高度不平衡数据中多方数据综合的分布式细心生成模型

在人工智能（AI）时代，数据发挥着关键作用，研究人员越来越多地利用合成数据来解决隐私问题，缓解数据稀缺，并增强模型鲁棒性。这种方法在医疗保健、金融、政府和自治系统等关键领域尤其有前景，在这些领域，多样化和代表性的数据集对于有效的人工智能训练至关重要。在大数据的背景下，将多来源或多方的数据进行整合，可以极大地丰富可用信息。然而，各方提供的数据往往表现出不同的特征，导致分布高度不平衡。这一挑战引入了一个额外的复杂性层，即所谓的双重不平衡问题，其特征是单个政党内部和多个政党之间的不平衡。为了解决这些挑战，我们提出了一种新的生成对抗网络（GAN）框架，该框架结合了分布式鉴别器和双注意机制。我们的方法利用单个生成器来合成以多方为条件的数据，每一方都维护自己的Critic和数据集，以确保隐私保护。我们在训练中引入了局部和全局注意力机制，以及梯度铸造技术，以有效解决多方数据合成中普遍存在的双重不平衡问题。局部注意机制解决个体内部的不平衡，而全局注意机制针对各方之间的不平衡，从而在数据分布高度不平衡的情况下产生更稳定的生成模型。为了验证我们的方法，我们使用六个真实世界的表格数据集进行了实证实验，故意在各种内部和内部环境中设置双重不平衡情景。我们通过评估其在机器学习任务中的有效性来评估多方生成的合成数据的效用。结果表明，我们的具有双注意机制的分布式GAN在解决这些挑战方面优于现有的生成模型。

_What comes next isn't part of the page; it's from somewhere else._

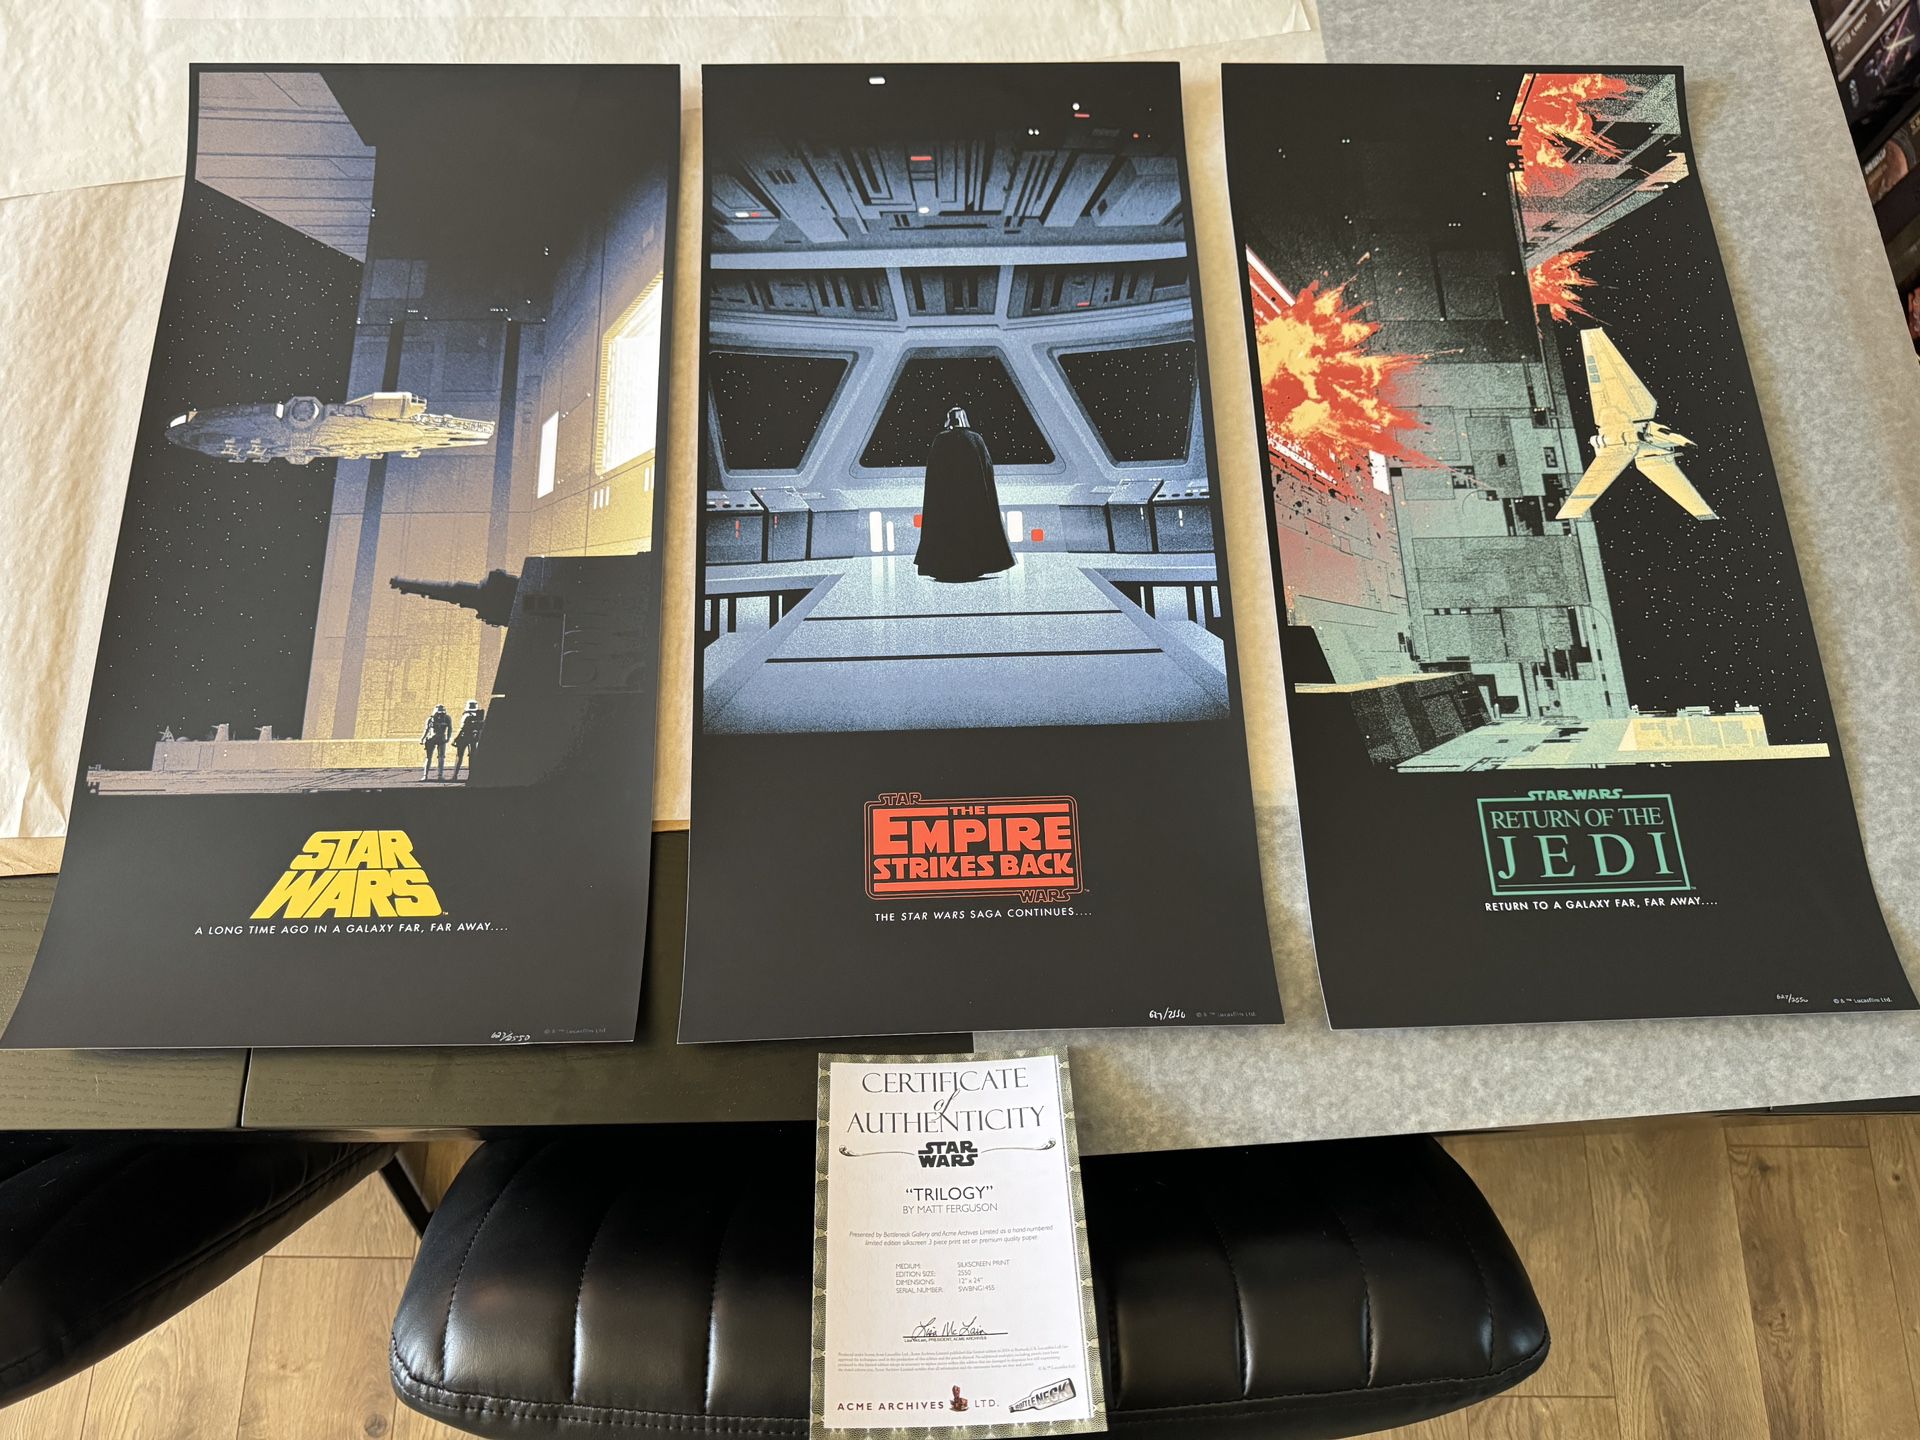 Star Wars Disney Art Print Posters Mint Condition Limited Edition Bottleneck Gallery

本文章由计算机程序翻译，如有差异，请以英文原文为准。

求助全文

约1分钟内获得全文求助全文

来源期刊

Future Generation Computer Systems-The International Journal of Escience 工程技术-计算机：理论方法

CiteScore

19.90

自引率

2.70%

发文量

376

审稿时长

10.6 months

期刊介绍： Computing infrastructures and systems are constantly evolving, resulting in increasingly complex and collaborative scientific applications. To cope with these advancements, there is a growing need for collaborative tools that can effectively map, control, and execute these applications. Furthermore, with the explosion of Big Data, there is a requirement for innovative methods and infrastructures to collect, analyze, and derive meaningful insights from the vast amount of data generated. This necessitates the integration of computational and storage capabilities, databases, sensors, and human collaboration. Future Generation Computer Systems aims to pioneer advancements in distributed systems, collaborative environments, high-performance computing, and Big Data analytics. It strives to stay at the forefront of developments in grids, clouds, and the Internet of Things (IoT) to effectively address the challenges posed by these wide-area, fully distributed sensing and computing systems.